All true art is subversive and should inspire its audience to see the world differently. Terry Allen is an artist who aims for that effect in a number of different media that includes painting, print making, sculpture, film, video, theatre, radio plays, installations, and fiction. The Lubbock, Texas native has won numerous awards and honors and been a Guggenheim and National Endowment for the Arts fellow. Allen’s artwork can be found at such prestigious institutions as the Metropolitan Museum of Art, the Museum of Modern Art, and the Museum of Contemporary Art. But Allen is best known as an iconoclastic musician. He writes satiric lyrics that bite, tender tunes that move one’s heart, and fuses Eastern and Western traditions in ways that show connections where one did not realize they existed. Allen’s works frequently make one think.
This collection of Allen’s odds and sods was originally released on the Fate Records label back in 1992. Sugar Hill Records has re-released the disc as part of the company’s effort to make all of Allen’s work available. These songs come from a wide range of projects such as soundtracks to other people’s movies, plays, and dance projects, or tunes that just did not fit on his other albums. Much of the material was recorded with different groups of local musicians in Austin, Texas and Madras, India.

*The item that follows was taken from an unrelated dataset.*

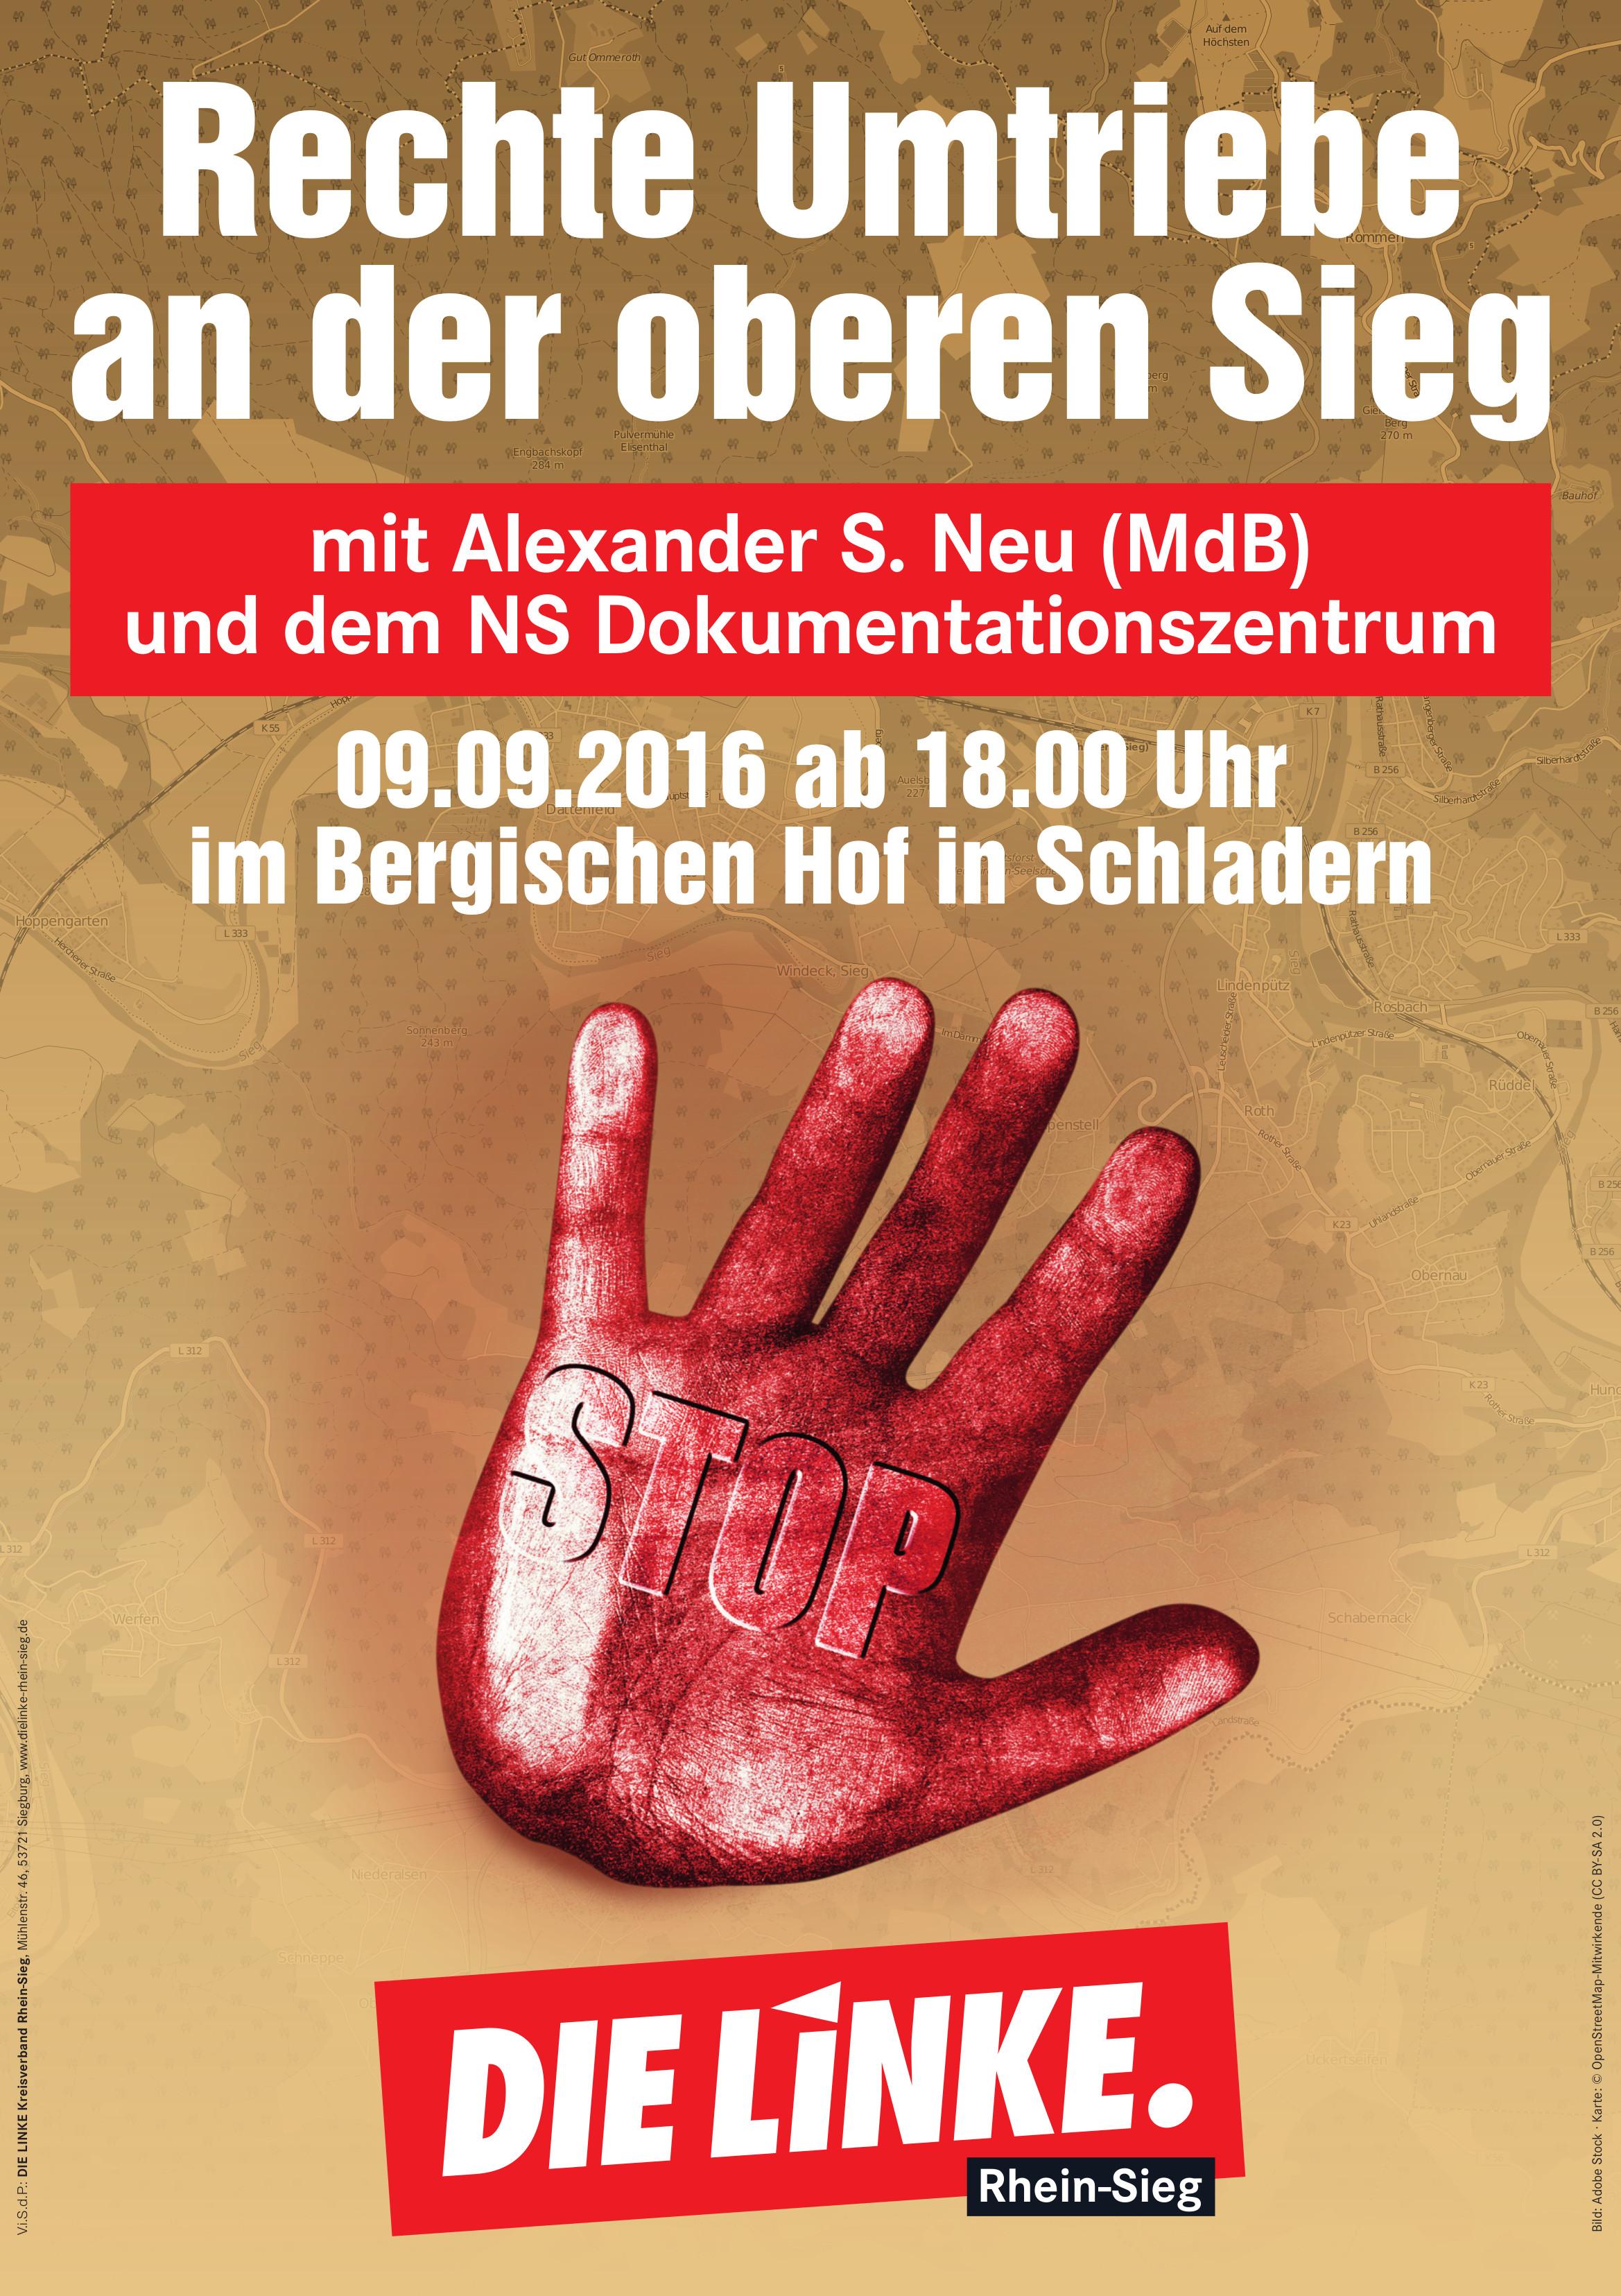 Plakat Rechte Umtriebe

The Texas songs include the weirdly acerbic “Cocktail Desperado”, featured in David Byrne’s film True Stories. The title character has “got a little bitty head to go with that great big mouth” as his gold teeth chew up the “television dreams” of society’s “have nots”. Allen’s vocals are backed by Dixieland-style jazz instrumentation that includes an oom-pah tuba and blaring trumpet. The Lone Star artist is even more cynical in his “Arizona Spiritual”. Allen sings the name of Jesus Mexican-style as “Hey-Zeus”. The singer croons:
“Jesus what’s the use in your dyin’, /
When there ain’t nobody ’round even tryin’, /
Yeah you went for your cross, /
But you drew slow and lost.”
The tune’s desolate Old West imagery highlights the uselessness of Jesus’ sacrifice. The so-called Son of God would be just another casualty of human cruelty in Arizona. Lloyd Maines’ sparse production reinforces this message. It’s just Allen playing the piano and singing while Maines adds a touch of Dobro, guitar, or tambourine at opportune moments.
When Allen was a young man, he was a member of an early version of Little Feat with Lowell George. Later, George and the band recorded Allen’s “New Delhi Freight Train”. The Lubbock native does a version here with a group of Indian musicians who play traditional instruments, such as the veena, santoor, mridangam, tabla, kohi, dolak, and tambora. The exotic stringed instruments and percussion create a rambling rhythm that sure enough resembles the sound of a freight train traveling on the tracks. One can hear the locomotive strain as it goes uphill, then pick up steam as it goes down the slope and feel the shaking back and forth of the cars caused by the energy expended. As Allen sings about a country boy named Jesse James who goes way out East to ride the rails of the legendary New Delhi Freight Train, one realizes the romanticism of train transportation is an international phenomenon. You can’t help but wonder about Asian versions of Jimmy Rodgers and Johnny Cash who make their versions of train songs without guitars.
The most ambitious track is the three-part, seven-plus minute long “Loneliness”, from Margaret Jenkins’ dance production of the same name. Allen ventures into the bizarre as he tells of Mamma Lonesome Rose’s descent into insanity:
“She was making Dream People out of parts of the living room, /
Sounds like a goofy voodoo movie or something — But anyway, /
She’d take chairs and tables and put useless items on them. /
You know, crap like forks and ashtrays or pieces of strings and sticks and little pieces of cloth or something, /
And she’d give every one of them a name . . .”
Allen would narrate. One can only imagine the dance taking place on stage. The lonely feeling referred to by the song’s title becomes increasingly palpable. The song ends with the sound of an unanswered ringing telephone that lasts for a long 30 seconds.
The disc’s short cuts carry a punch that becomes enhanced by their brevity. Consider his minute-and-a-half dirge, “Advice to Children”. Allen tells kids, in a voice worn with the experience of age, that it’s better to be mediocre than to be really good at anything. “And don’t ever do, / The best you can do, / ‘Cause they’ll just screw you over” he warns, because America is a nation of prescription drug-addled consumers who cause those who stand out to suffer. It’s difficult to know if Allen’s playing it straight, cynical, or being ironic — but that’s the point. He’s making you think.